Please see https://neurotune.readthedocs.io/en/latest/architecture.html for more information on controllers in Neurotune.
- class pyneuroml.tune.NeuroMLController.NeuroMLController(ref, neuroml_file, target, sim_time=1000, dt=0.05, simulator='jNeuroML', generate_dir='./', num_parallel_evaluations=1, cleanup=True)#
Bases:
object
A Neurotune controller specific to NeuroML.
Please see https://neurotune.readthedocs.io/en/latest/architecture.html for more information on controllers in Neurotune.

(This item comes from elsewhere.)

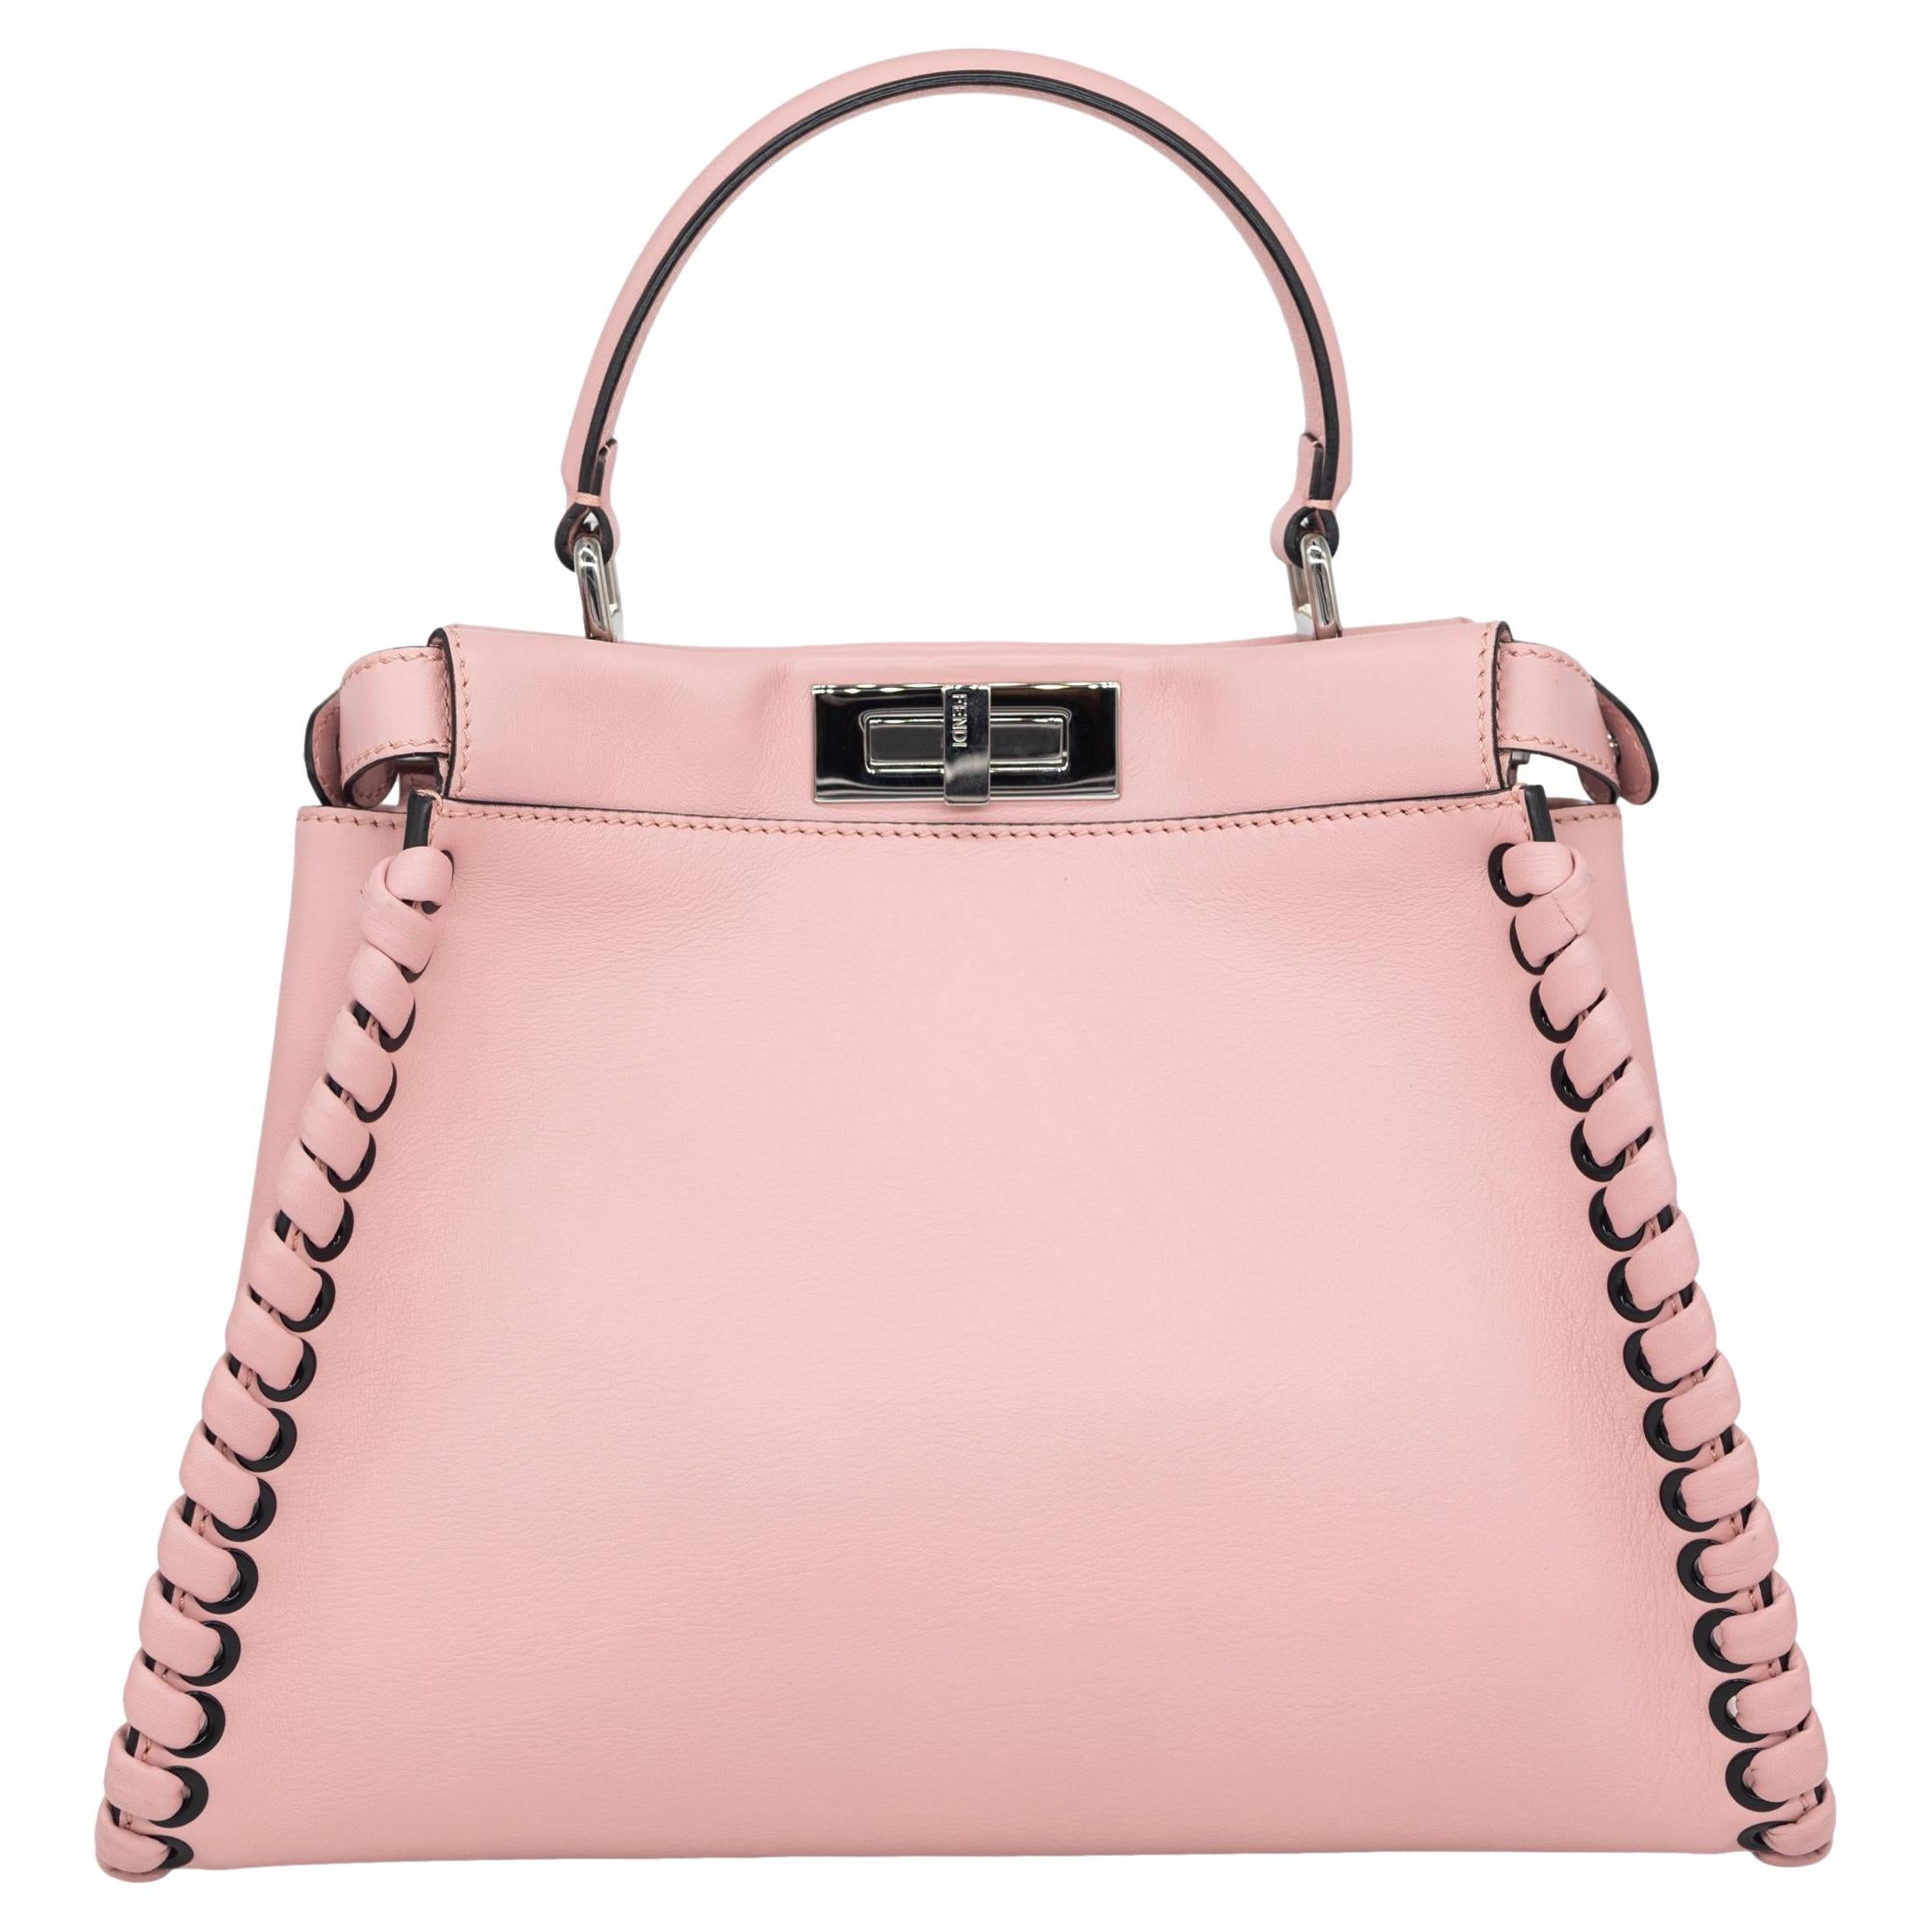 Fendi Woven Pink Leather Medium Whipstitched Peekaboo Top Handle Shoulder Bag

- run(candidates, parameters)#
Run simulation for each candidate.
This run method will loop through each candidate and run the simulation corresponding to its parameter values. It will populate an array called traces with the resulting voltage traces for the simulation and return it.
- Parameters:
candidates (list) – candidate simulations
parameters (list) – parameters for simulations
- Returns:
list of [time, voltage] values
- run_individual(sim_var, show=False, cleanup=None)#
Run an individual simulation.
- pyneuroml.tune.NeuroMLController.run_individual(sim_var, reference, neuroml_file, nml_doc, still_included, generate_dir, target, sim_time, dt, simulator, cleanup=True, show=False)#
Run an individual simulation.
The candidate data has been flattened into the sim_var dict. The sim_var dict contains parameter:value key value pairs, which are applied to the model before it is simulated.
- Parameters:
sim_var
reference
neuroml_file (str) – path to main NeuroML model file
nml_doc (NeuroMLDocument or str) – NeuroMLDocument or its str export
still_included
generate_dir (str) – directory to generate simulation NeuroML file in
target (str) – id of target NeuroML component
sim_time (float) – length of simulation
dt (float) – simulation time step
simulator (str) – simulator to use (“jNeuroML”, “jNeuroML_NEURON”)
cleanup (bool) – toggle if temporary files should be removed after simulation
show (bool)
- Returns:
list of simulation times and voltages at each time: [time, volts]
pyneuroml.tune.NeuroMLSimulation module#
- class pyneuroml.tune.NeuroMLSimulation.NeuroMLSimulation(reference, neuroml_file, target, sim_time=1000, dt=0.05, simulator='jNeuroML', generate_dir='./', cleanup=True, nml_doc=None)#
Bases:
object
A class for running a single instance of a NeuroML model by generating a LEMS file and using pyNeuroML to run in a chosen simulator
- go()#
Run the simulation.
- show()#
Plot the result of the simulation once it’s been intialized using matplotlib.